Writing isn’t brain surgery, but it’s rare when someone adept at the latter is also so accomplished at the former. Searching for meaning and purpose in his life, Kalanithi pursued a doctorate in literature and had felt certain that he wouldn’t enter the field of medicine, in which his father and other members of his family excelled. “But I couldn’t let go of the question,” he writes, after realizing that his goals “didn’t quite fit in an English department.” “Where did biology, morality, literature and philosophy intersect?” So he decided to set aside his doctoral dissertation and belatedly prepare for medical school, which “would allow me a chance to find answers that are not in books, to find a different sort of sublime, to forge relationships with the suffering, and to keep following the question of what makes human life meaningful, even in the face of death and decay.” The author’s empathy undoubtedly made him an exceptional doctor, and the precision of his prose—as well as the moral purpose underscoring it—suggests that he could have written a good book on any subject he chose.
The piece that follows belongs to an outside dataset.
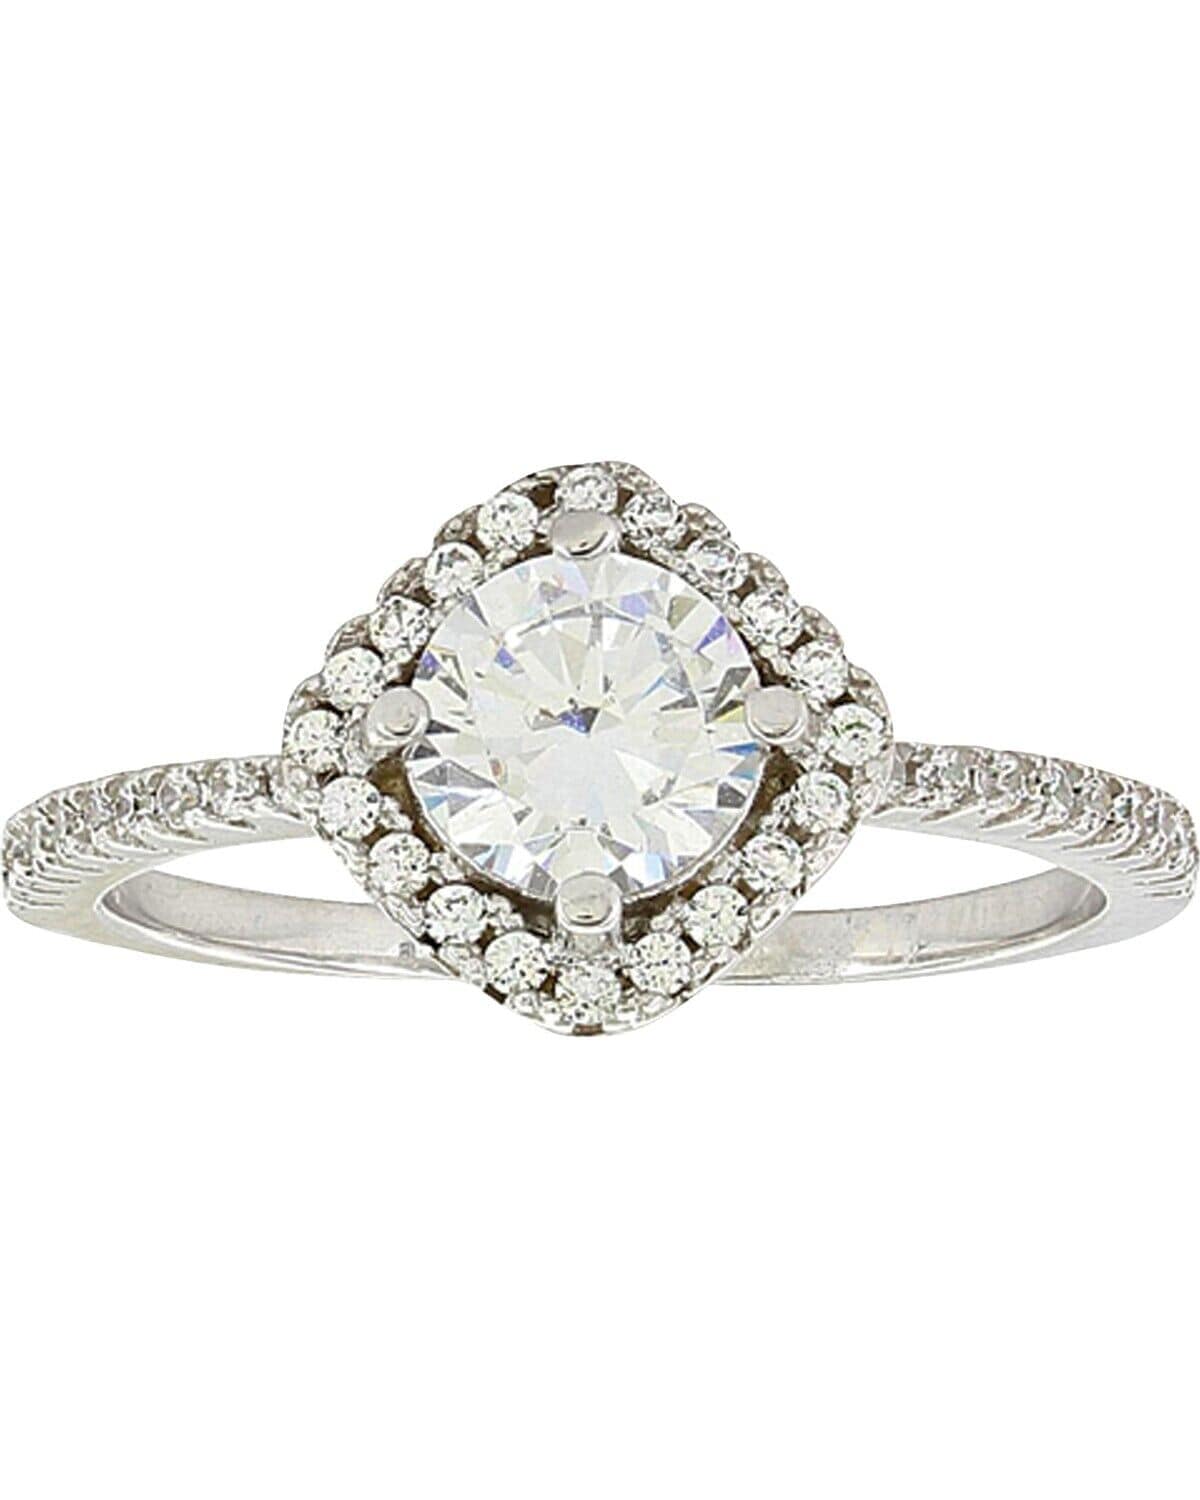 MONTANA SILVERSMITHS Jewelry Montana Silversmiths Women's Squarely Perfect Haloed Ring RG3183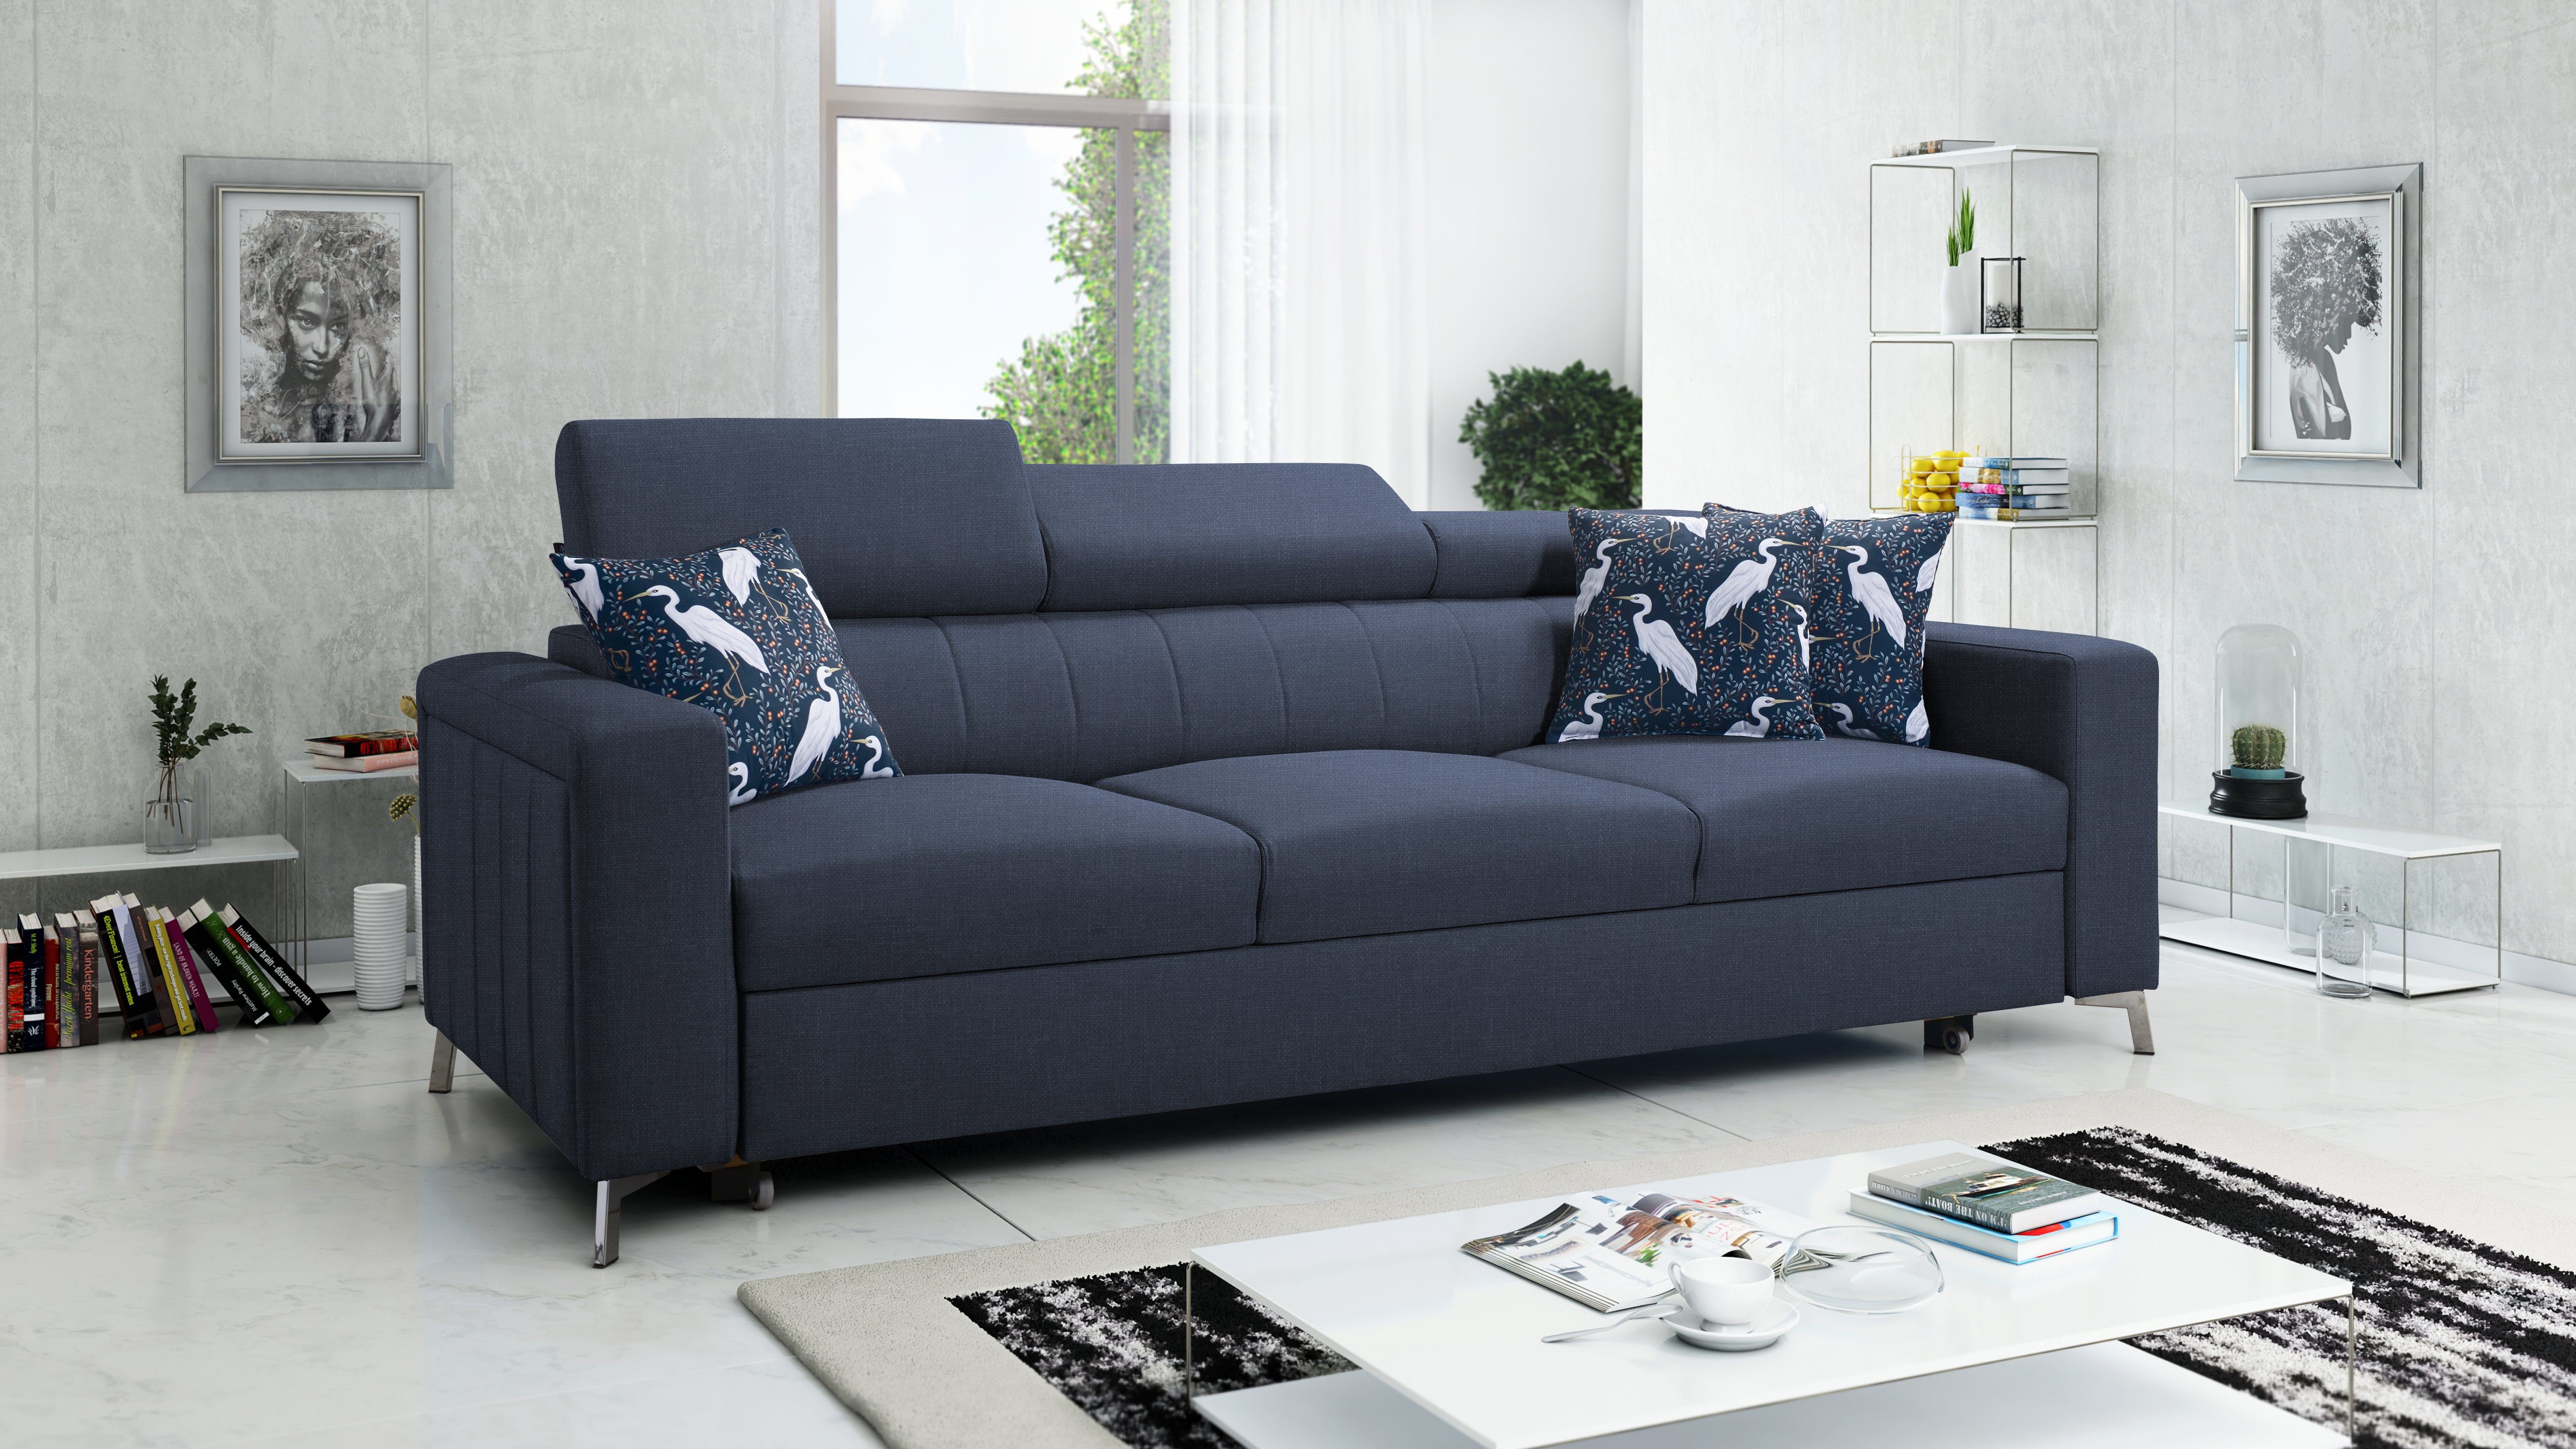 SAWANA80 Best for BERTA Home Sofa

Part of what makes this book so essential is the fact that it was written under a death sentence following the diagnosis that upended his life, just as he was preparing to end his residency and attract offers at the top of his profession. Kalanithi learned he might have 10 years to live or perhaps five. Should he return to neurosurgery (he could and did), or should he write (he also did)? Should he and his wife have a baby? They did, eight months before he died, which was less than two years after the original diagnosis. “The fact of death is unsettling,” he understates. “Yet there is no other way to live.”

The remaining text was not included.